Source material

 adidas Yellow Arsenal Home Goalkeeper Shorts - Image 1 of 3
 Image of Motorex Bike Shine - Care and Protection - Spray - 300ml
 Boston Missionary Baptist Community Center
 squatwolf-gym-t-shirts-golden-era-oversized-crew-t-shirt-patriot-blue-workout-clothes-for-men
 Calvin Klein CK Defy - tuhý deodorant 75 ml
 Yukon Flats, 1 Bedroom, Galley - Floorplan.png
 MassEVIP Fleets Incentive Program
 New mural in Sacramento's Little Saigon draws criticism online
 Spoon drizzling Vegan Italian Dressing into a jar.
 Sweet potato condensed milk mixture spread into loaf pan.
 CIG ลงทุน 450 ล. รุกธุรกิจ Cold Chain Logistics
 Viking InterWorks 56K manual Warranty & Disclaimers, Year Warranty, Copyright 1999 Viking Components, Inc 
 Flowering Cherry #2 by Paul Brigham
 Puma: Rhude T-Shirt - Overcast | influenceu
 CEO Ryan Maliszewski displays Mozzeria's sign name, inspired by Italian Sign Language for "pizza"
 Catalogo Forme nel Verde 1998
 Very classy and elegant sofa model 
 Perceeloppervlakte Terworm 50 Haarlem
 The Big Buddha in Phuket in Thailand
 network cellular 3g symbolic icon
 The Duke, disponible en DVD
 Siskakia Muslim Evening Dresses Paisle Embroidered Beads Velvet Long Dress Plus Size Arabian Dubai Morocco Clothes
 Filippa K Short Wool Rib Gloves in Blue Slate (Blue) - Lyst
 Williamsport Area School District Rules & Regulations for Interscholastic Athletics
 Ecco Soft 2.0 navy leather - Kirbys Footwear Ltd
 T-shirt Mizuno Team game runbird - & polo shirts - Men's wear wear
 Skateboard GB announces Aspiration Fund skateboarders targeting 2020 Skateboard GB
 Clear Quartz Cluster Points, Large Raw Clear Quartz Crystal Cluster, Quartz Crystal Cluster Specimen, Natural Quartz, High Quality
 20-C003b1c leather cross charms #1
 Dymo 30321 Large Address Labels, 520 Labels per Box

The problem
Every line from the start of the listing through the line with "Yukon Flats, 1" should be reproduced exactly, and no other line.

Solution for this exercise
 adidas Yellow Arsenal Home Goalkeeper Shorts - Image 1 of 3
 Image of Motorex Bike Shine - Care and Protection - Spray - 300ml
 Boston Missionary Baptist Community Center
 squatwolf-gym-t-shirts-golden-era-oversized-crew-t-shirt-patriot-blue-workout-clothes-for-men
 Calvin Klein CK Defy - tuhý deodorant 75 ml
 Yukon Flats, 1 Bedroom, Galley - Floorplan.png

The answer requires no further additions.